No, I’m asking about “doing nothing” as in sitting, or perhaps lying down, and being fully aware of the reality around you. For many years, I ran in terror from doing nothing. I ran to my todo lists or my goals or my habits designed to improve my life or my TV or my fiction books…
I started by intentionally setting out—if even for a few minutes—to do nothing. I’ve gotten pretty darn good at it these days. What I’m currently practicing is learning that doing nothing is the good stuff I should not feel guilty about.
Why not go do nothing right now?
We usually (though not always) recognize the absurdity in blaming animals, inanimate objects, or the weather for the annoyances they cause us. Shit happens, and most reasonable people can accept that. But somehow, if we can in any way pin the inconveniences in our lives on a failing of another human being, we are quick to do it.
~ David Cain
Replace every instance of we with I in the above quote and it once fit me perfectly.

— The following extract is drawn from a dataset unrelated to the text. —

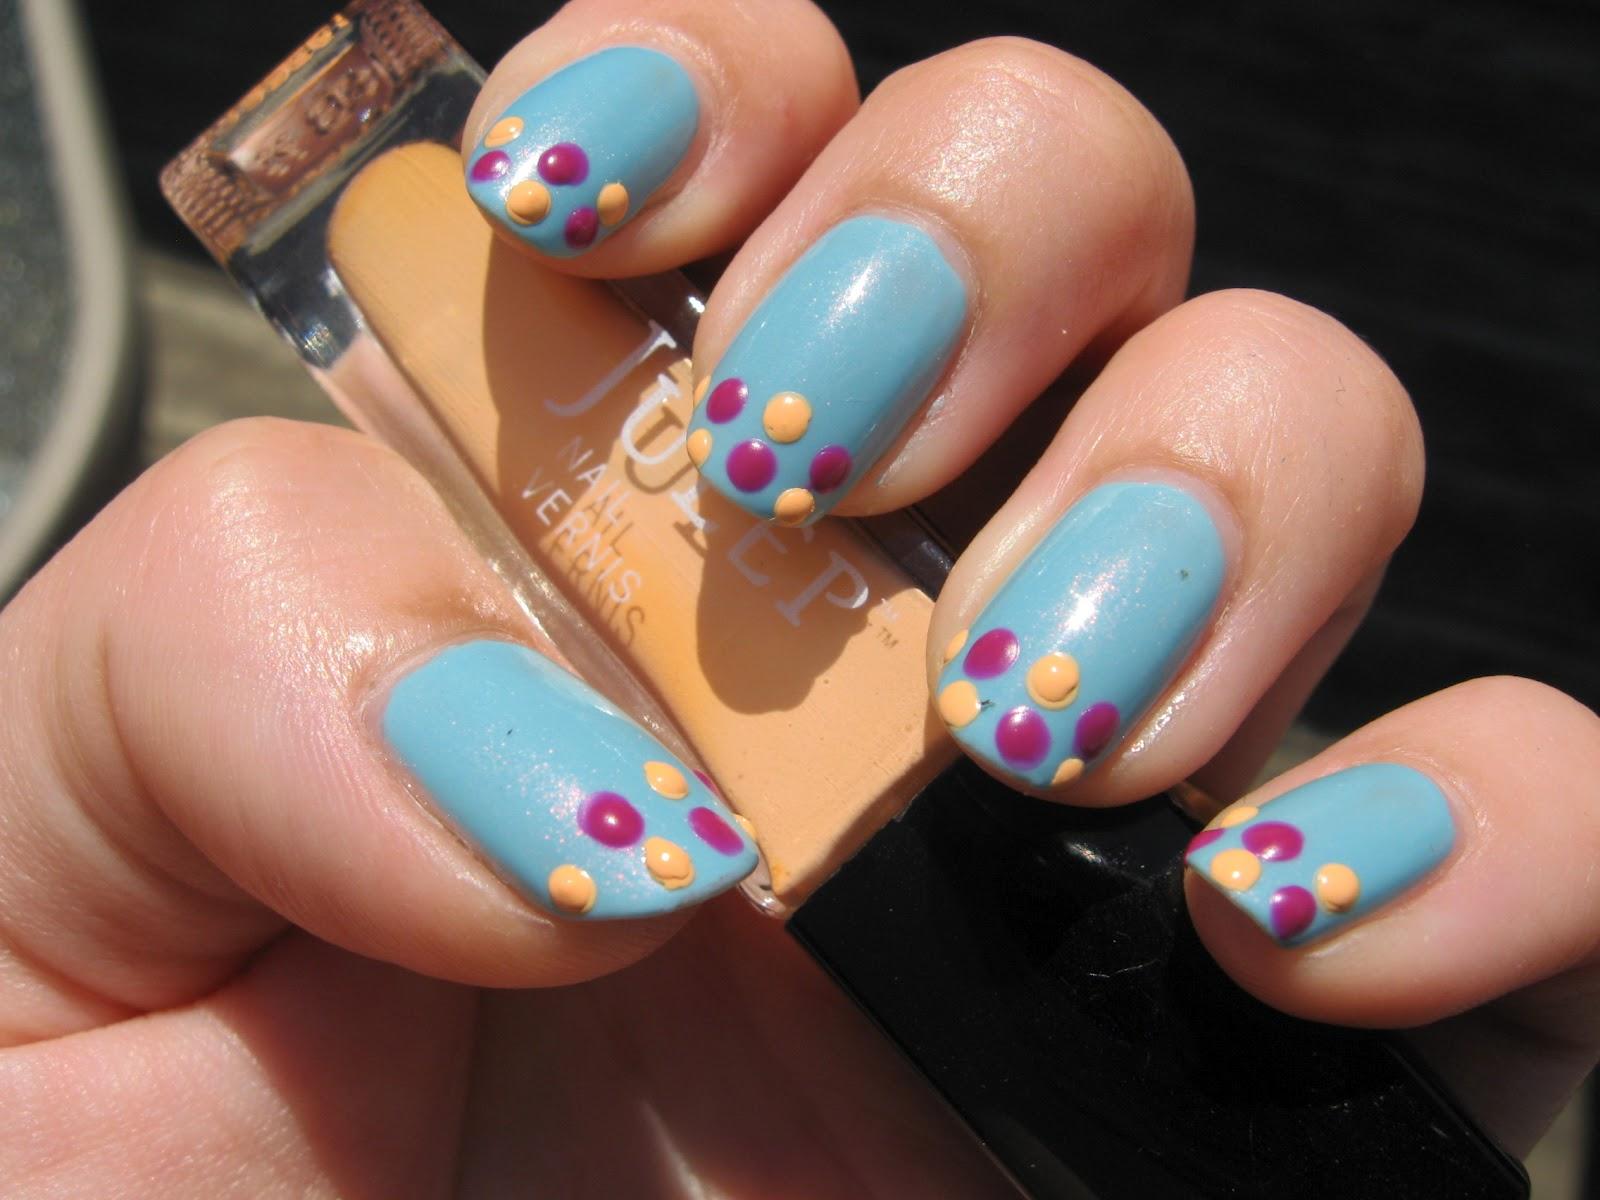 NOTDPolkaDotFrenchTipNailArt2 - Beautifull nail colours :)

I sometime mention the fundamental attribution error and that is a significant part of what he’s talking about. But there’s more to it than just that error.
This is something I’ve managed to transform into a snide condescnesion; for example, when driving, I often think, “…aaaaaand, cut me off,” just before drivers do so. I recall how I used to get angry in such situations. Really angry. Fortunately, more than a decade ago, after a lot of meditation, I learned to first witness the anger, then to know when to expect it, and finally to not bother creating it.

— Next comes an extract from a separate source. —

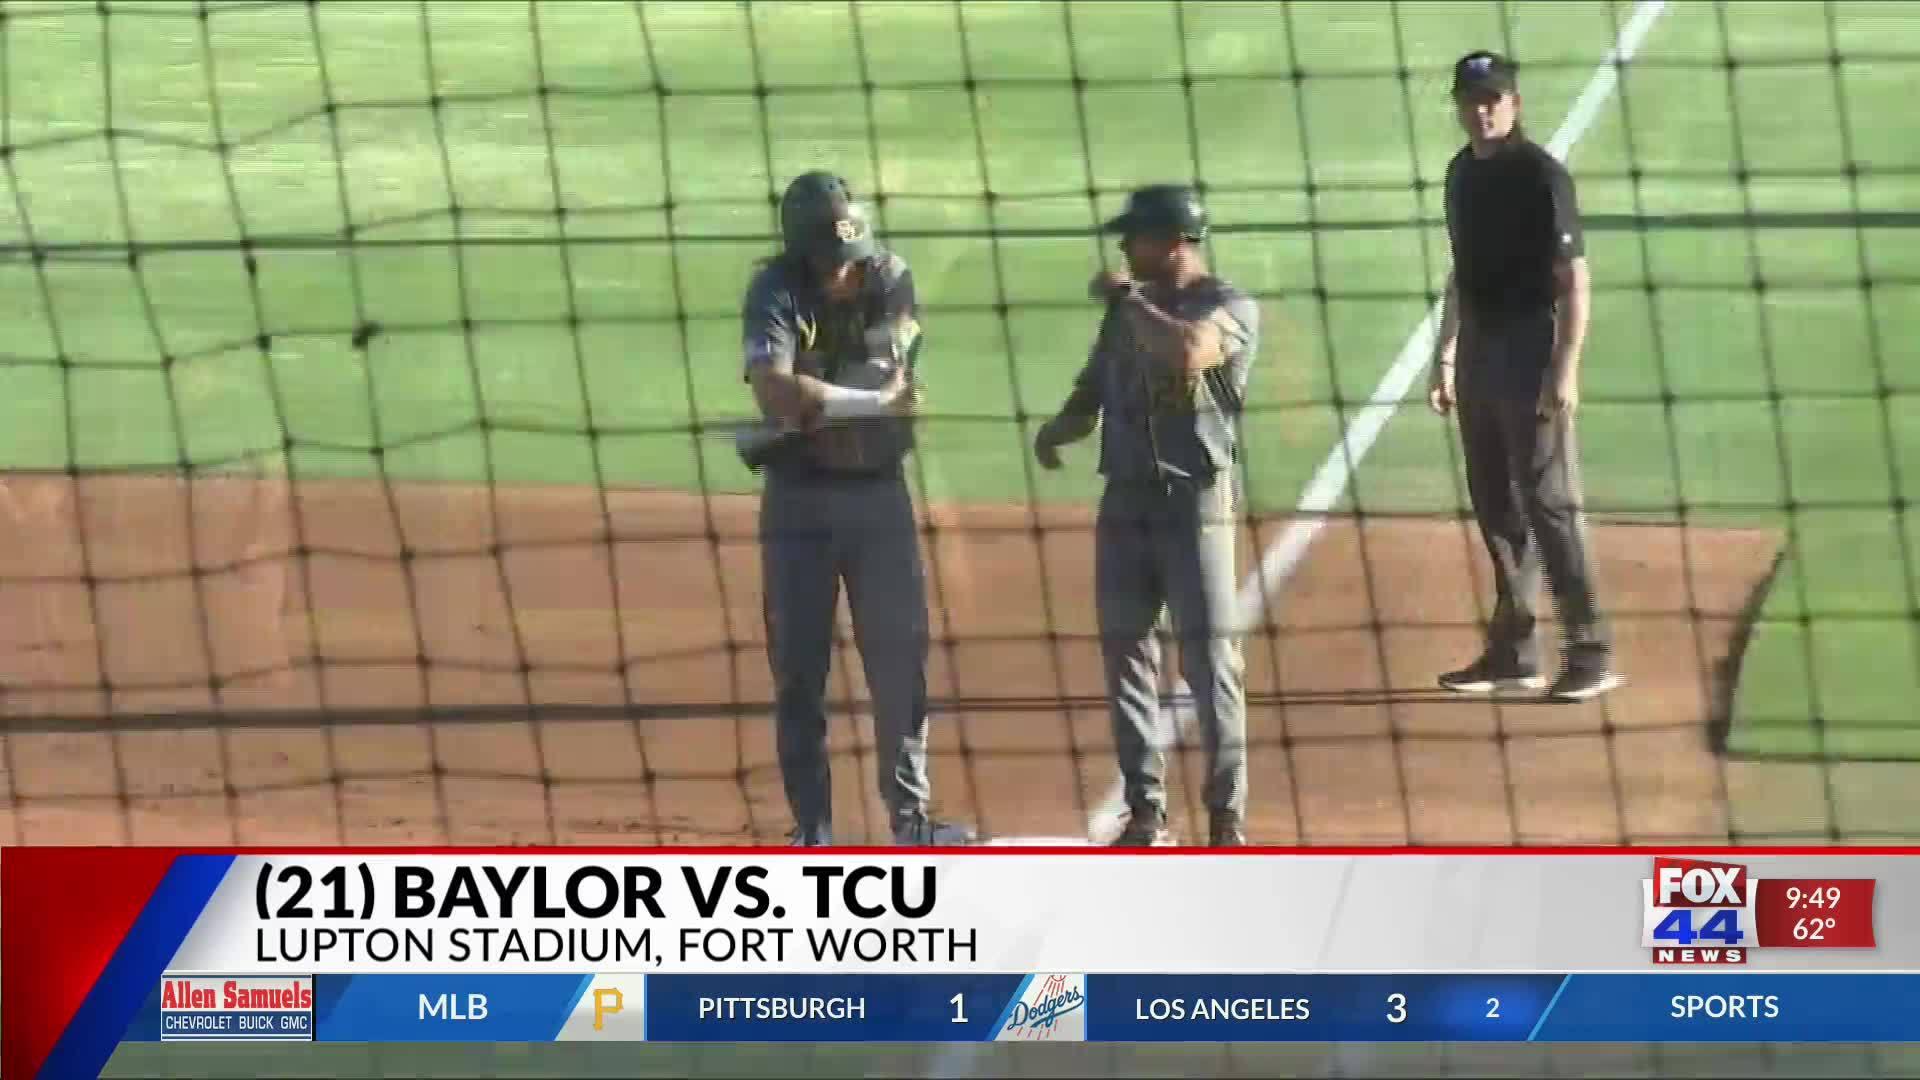 Baylor_Baseball___TCU_6_20190427025452

Witness the condescention. Learn to expect the condescension.
Slowly add mindfulness bells. A mindfulness bell can be anything in your environment. Thich Nhat Hanh suggested using traffic lights as a mindfulness bell — when you see one, instead of getting caught up in the stress of driving, allow yourself to become present. You can slowly find other mindfulness bells — your daughter’s face, opening your computer, having your first cup of coffee, hearing a train going by.
~ Leo Babauta
Finding ways to trigger making conscious decisions is the key to increasing the amount of time you are mindful. The possibilities are endless!
People who haven’t tried to meditate have very little sense that their minds are noisy at all. And when you tell them that they’re thinking every second of the day, it generally doesn’t mean anything to them. It certainly doesn’t strike most of them as pathological. When these people try to meditate, they have one of two reactions: Some are so restless and besieged by doubts that they can hardly attempt the exercise. “What am I doing sitting here with my eyes closed? What is the point of paying attention to the breath?” And, strangely, their resistance isn’t remotely interesting to them. They come away, after only a few minutes, thinking that the act of paying close attention to their experience is pointless.~ Sam Harris from, https://samharris.org/taming-the-mind/
I don’t consider myself “very good” at meditating. Beginning in ’98, through 15 years of Aikido practice and beyond, I have spent “some” time sitting in seiza, meditating and breathing. It was only after many years that I realized how wonderful the sitting, meditation, and breathing was for me personally.
There’re approximately 10 gazillion intros and primers on meditation and breathing on the Internet, so I’m not even going to give a hand-waving explanation. I’ll just say: Yes! Do! You can mail me a Thank-you card later!
…and I suppose also: If we meet in person, strike up a conversation and I’d love to talk shop.